Government Resolution No. 80/NQ-CP, dated May 19, 2011, on orientations on sustainable poverty reduction from 2011 to 2020 defines a harmonious and comprehensive poverty reduction program and creates a new approach in rapid and sustainable poverty reduction. This serves as a firm foundation for developing a system of policies, programmes and projects, directly supporting the poor and poor households nationwide and at the same time mobilising resources for rapid and sustainable poverty reduction in ethnic minority regions, aiming at raising the per capita income of poor households 3.5 folds and reducing the rate of poor households in the country by 2 percent per year and 4 percent a year for poor districts and communes according to poverty criteria of each period. The Government has demonstrated its determination to fulfill the UN Millennium Development Goals that Vietnam has committed to.
In the Government’s Action Program to implement Resolution No. 15-NQ/TW of the 11th Party Central Committee on some issues concerning social welfare policies in the 2012 - 2020 period, the poverty reduction task was clearly identified: “Continue to effectively implement the Government’s Resolution No. 80/NQ-CP dated May 19, 2011 on orientations for sustainable poverty reduction from 2011 to 2020 and Resolution No. 30a/2008/NQ-CP dated December 27, 2012 on the Programme of Rapid and Sustainable Poverty Reduction in poor districts and the National Target Programme of Sustainable Poverty Reduction, amendments and supplements to policies for near poor households”.

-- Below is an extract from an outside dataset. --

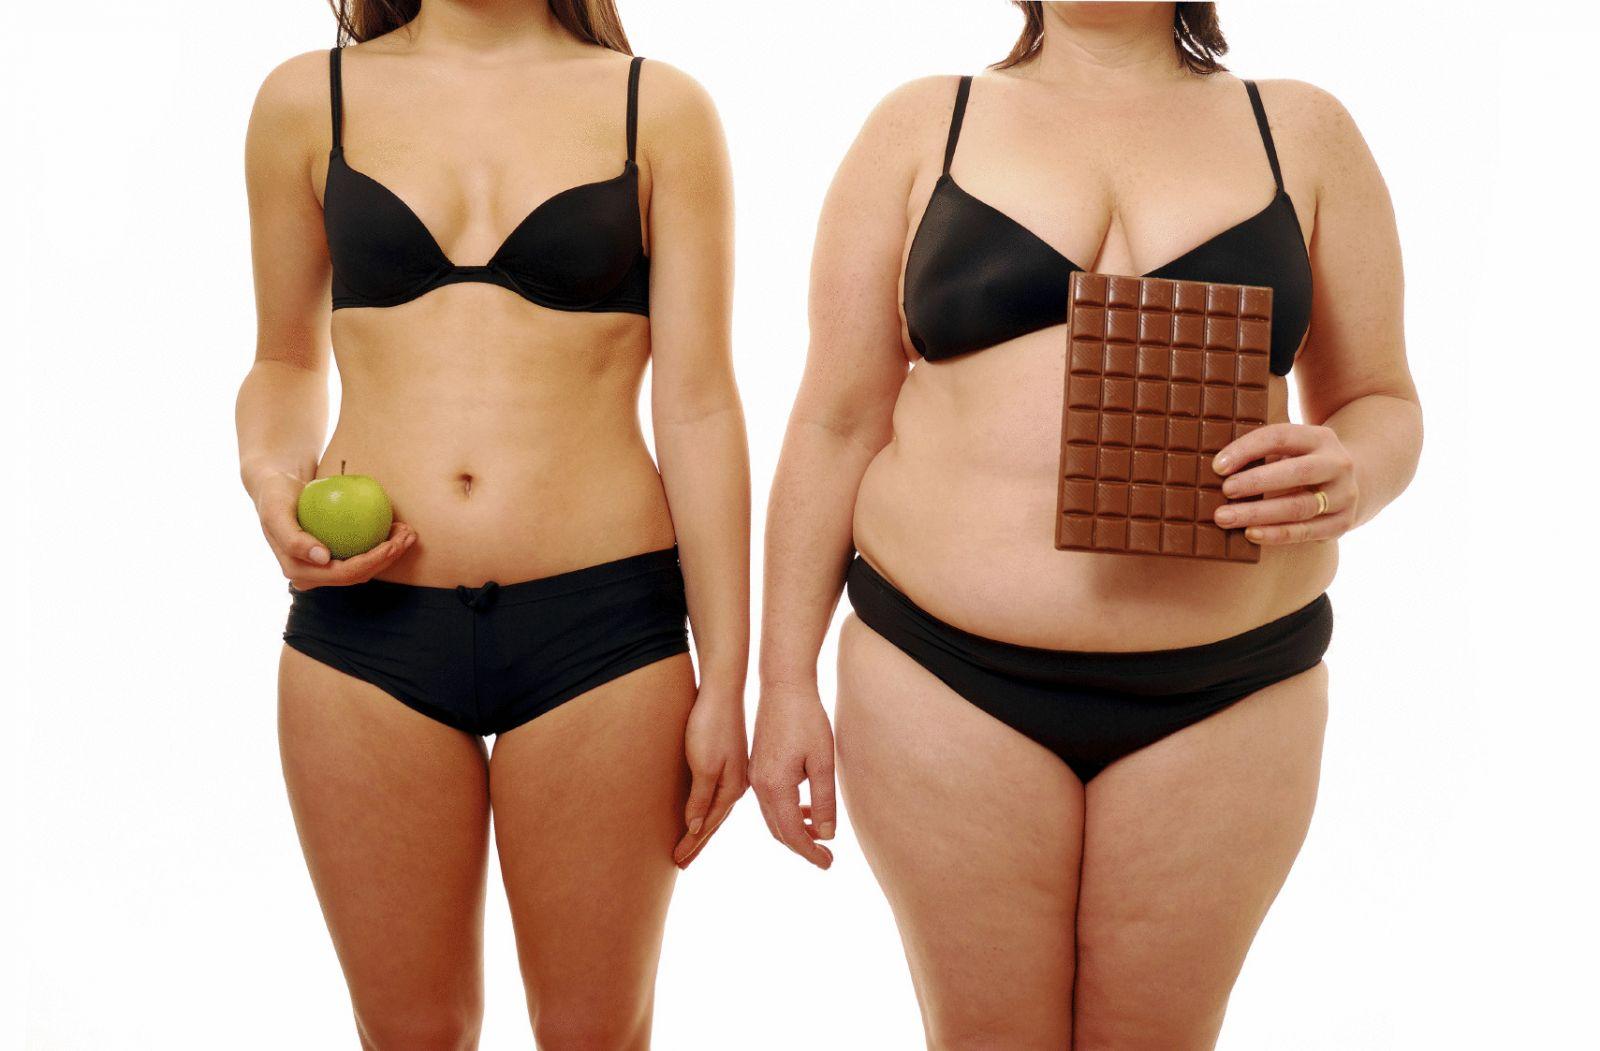 как похудеть за месяц на 4 килограмма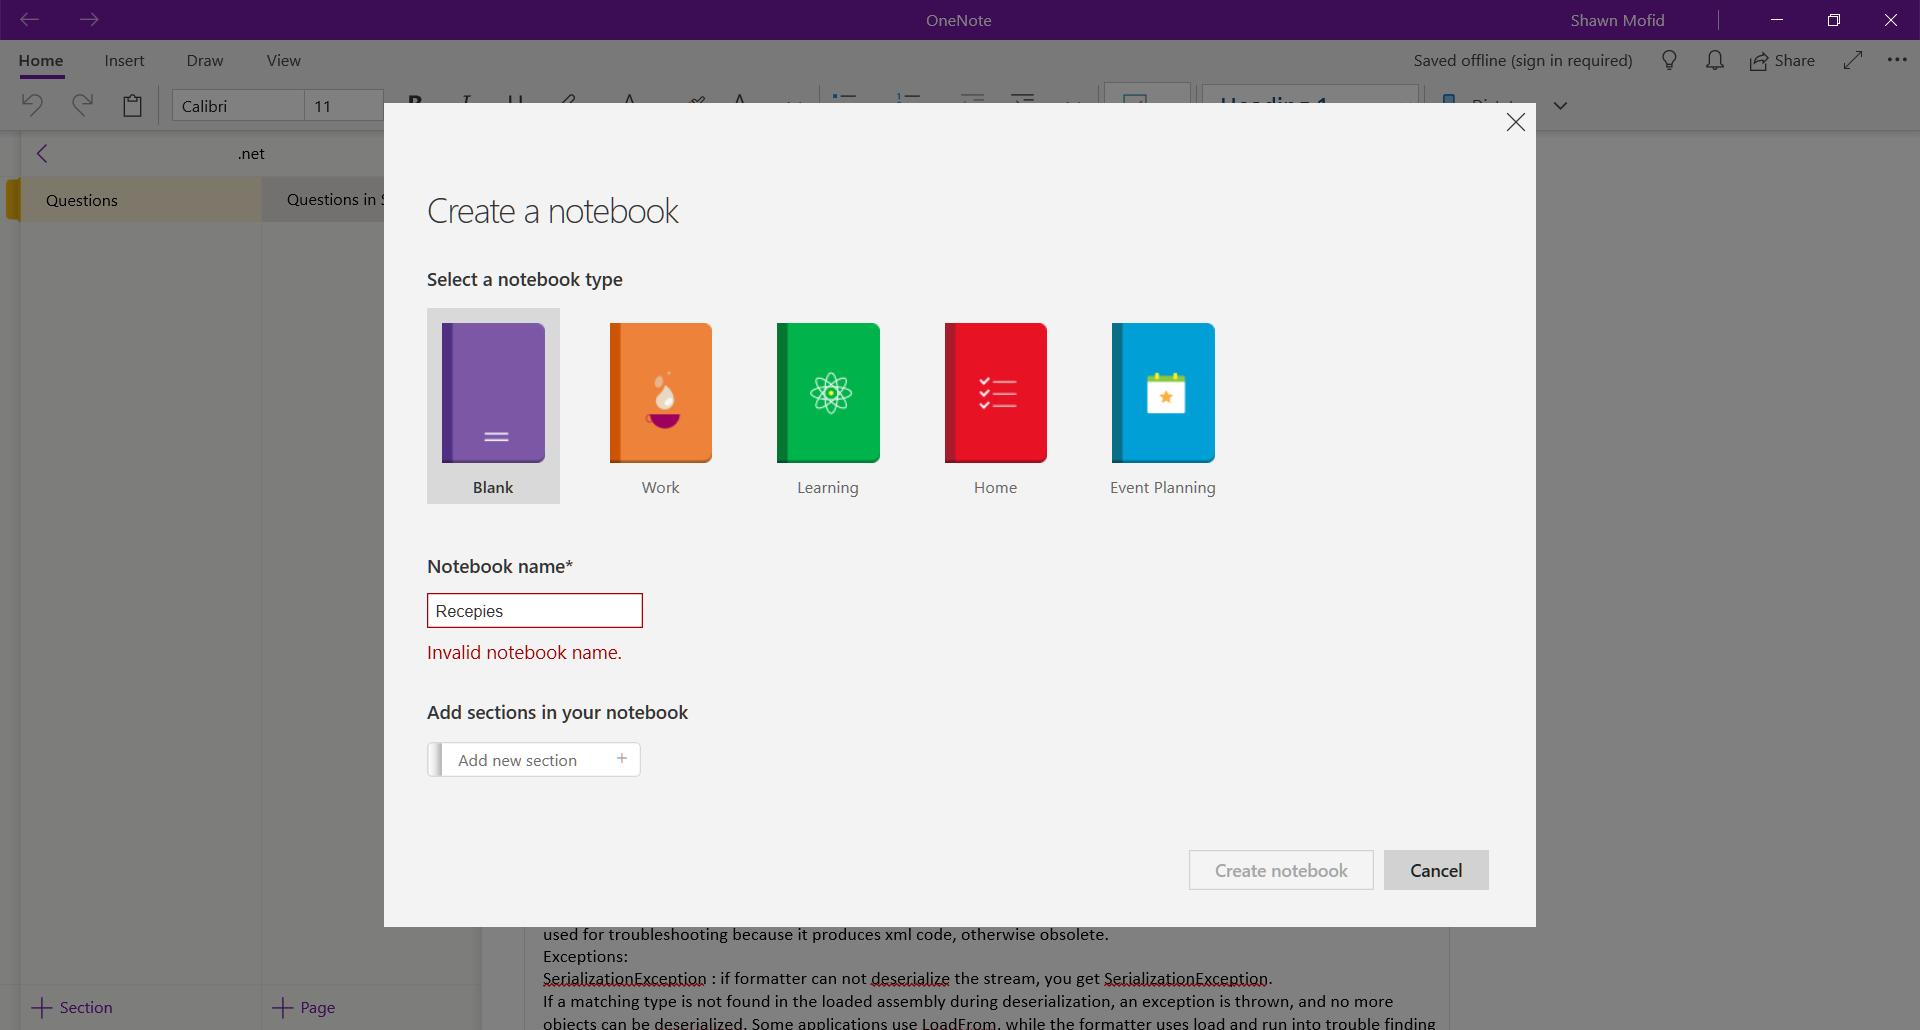 Invalid notebook name error - Microsoft OneNote - Microsoft

Based on the orientations for poverty reduction, a system of policies on comprehensive poverty reduction has been issued for poor districts, especially disadvantaged communes, villages and hamlets, poor households and the poor. They include the National Target Programme on Poverty Reduction, the Programmes for Socio-Economic Development in especially disadvantaged communes, villages and hamlets, the mountainous and ethnic minority regions (Programme 135) in the 5-year plans, regional economic development programmes incorporated with poverty reduction such as socio-economic development programmes for border areas, and socio-economic development assistance programmes for the north-central, central coastal, Central Highland regions, the Mekong Delta and the northern mountainous regions. Some programmes have been integrated including programmes on creating livelihoods for the poor (Employment programme, 5 million ha afforestation programme, national programmes on agricultural, forestry and fishery extension, credit programmes…), programmes on social infrastructure investment (schools, clinics, community house, communal cultural postal centers, clean water, markets...), on production infrastructure (transport, irrigation, electricity...); national target programmes on increasing poor people’s access to basic social services (health care, education, clean water, housing…); programmes on building models of technological application and transfer for rural and mountainous regions; programmes on building new rural areas, incentives on electricity fee support for poor households, emergency support for low-income households, provision of rice for poor districts and communes that are hit by natural disasters and during crop intervals...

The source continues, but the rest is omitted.